And this is how IPKKND took over my life from right under my nose...(Emotional attack alert!)
Its my first post ever on IF
. Never thought I'd do this one day but today I am letting my emotions get the best of me.
About 3 months ago, I watched IPKKND by accident . I instantly took a liking towards the lead couple and my love for them just kept growing with each day. I stayed up late nights to catch up with all earlier episodes. Within a week, I had finished watching them all
. Awe stuck with the couple, I started watching their interviews. I am kinda sure I covered all of them right from when the show began
. That dint quite quench my thirst for the couple. So I went ahead and started rewatching just the "ARSHI" scenes without having a freaking clue what "ARSHI" meant. I dint study in Harvard u see!
By this time, IPKKND had turned into my obsession.
Everyday after I came back from work, I'd lie down on the bed eating, drinking and breathing IPKKND. I knew IPKKND was slaying my senses but I dint really bother about the consequences. I started to realize that my priorities had changed with family, friends, job and everything literally taking a back seat.
For all those thinking I am a crazy tv soap buff, let me clear the air that I've never ever developed this kind of liking towards an Indian TV show or any show for that matter! Infact I now recall that I never watched one for more than a week!

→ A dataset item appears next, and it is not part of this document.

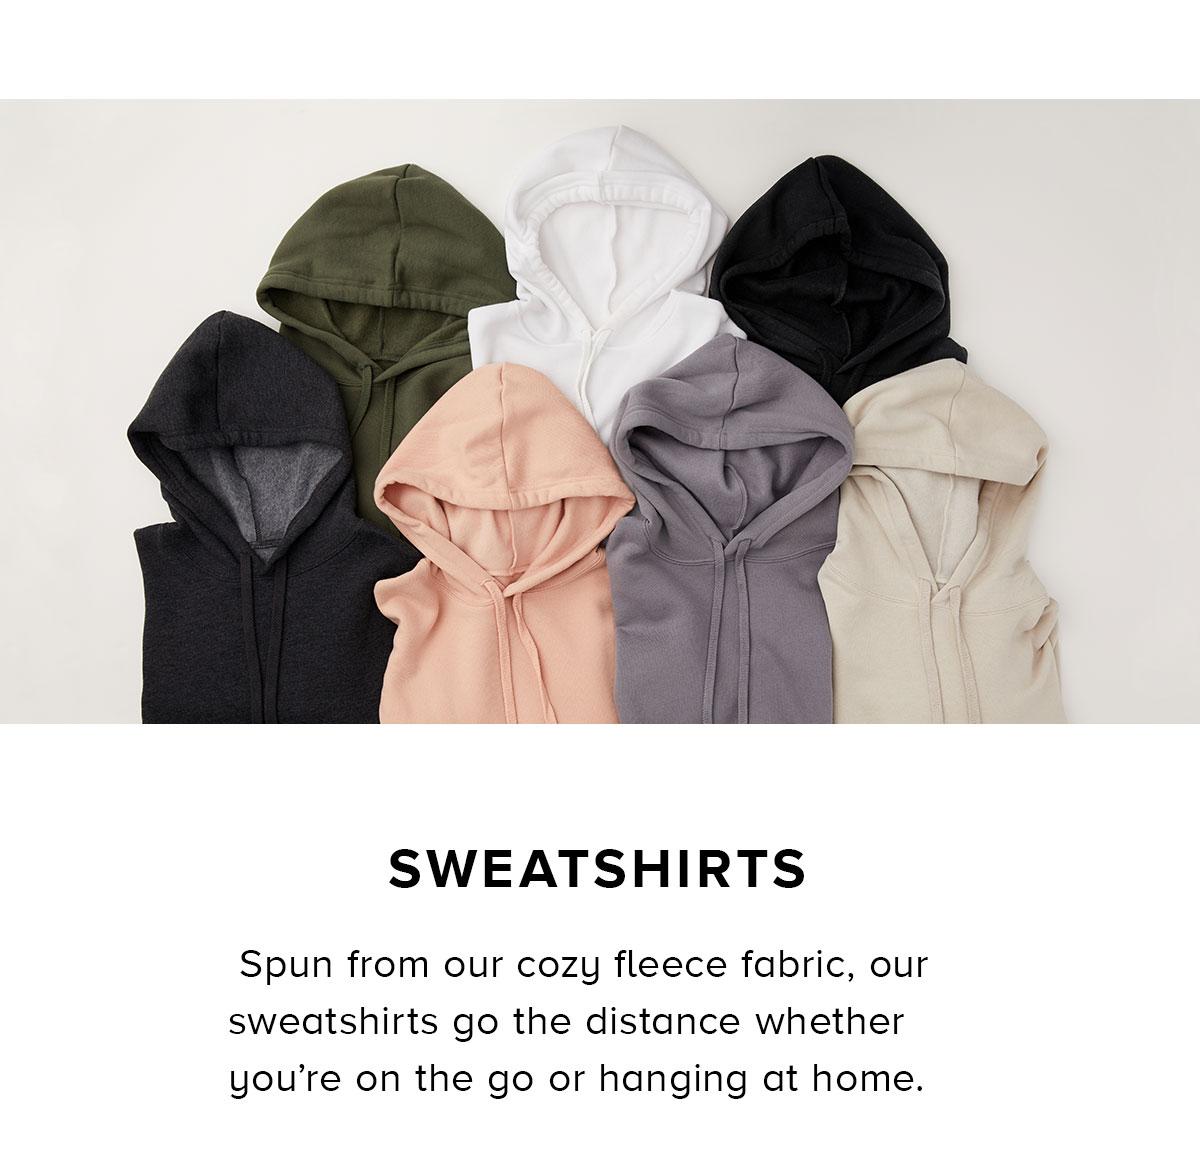 SWEATSHIRTS Spun from our cozy fleece fabric

There is something magnetic abt the lead couple and the way their characters have been etched! I'd be lying if I say I enjoyed every episode of IPKKND but I watched them over and again to the point that I now know which arshi scene is tagged with what number in youtube! what the...!!
I still wasnt getting enough of the couple and thats when I chanced upon IF.
I realized there are many more crazy people out there going through a similar madness. Yo - hi there!
I was a silent reader all this way along. I'm not the socially active kind unless an emotional tide runs over me! I had my best laughs, stifled yawns, strangled screams, terrible frowns and naughty smirks reading the posts. I ran into some fan fictions and short stories and I must say there is a talented bunch of people out there.
The ones I liked the most are Let's fall in love, Chronicles of KKG, Fate mate and Mystic skies
. The former three have been paused for some reason and I withheld my desire of writing into the authors and literally begging of them to continue writing!
Somewhere along my IPKKND journey, I developed a liking towards each and every character of IPKKND although ARSHI was right on the top followed by Buaji. My heart slipped a beat when I learnt that the cast has slowly started parting ways - Mamaji, Shyam, Payal, Akash and now Barun.
It feels like all my dreams have come to an abrupt end! My heart feels sort of hollow all the time and I cant imagine what you all (honest fans) out there must be going through!
All I can say now is life has to move on.
Everybody deserves to live their life the way they want whether it is Barun Sobti or Gul Khan. They may have shattered many dreams but this had to happen some day. I wish them all the very best of luck in everything they do. I absolutely have no negativity for anyone, just a feeling of shallowness that I'm confident I'll overcome some day
. I dont know if I plan to continue watching IPKKND, I know that will need an inner fire of strong will within me! I just know that I am going to make something positive out of all the madness I've experienced in the last three months
. Yes, IPKKND made me realize that I have a flare for writing and I need to pursue it seriously.
I know this is a really long post - first and maybe the last one from me! Love you guys!
Hope and pray that "Devi Mayya" gives us all the strength that we need to sail through these difficult times.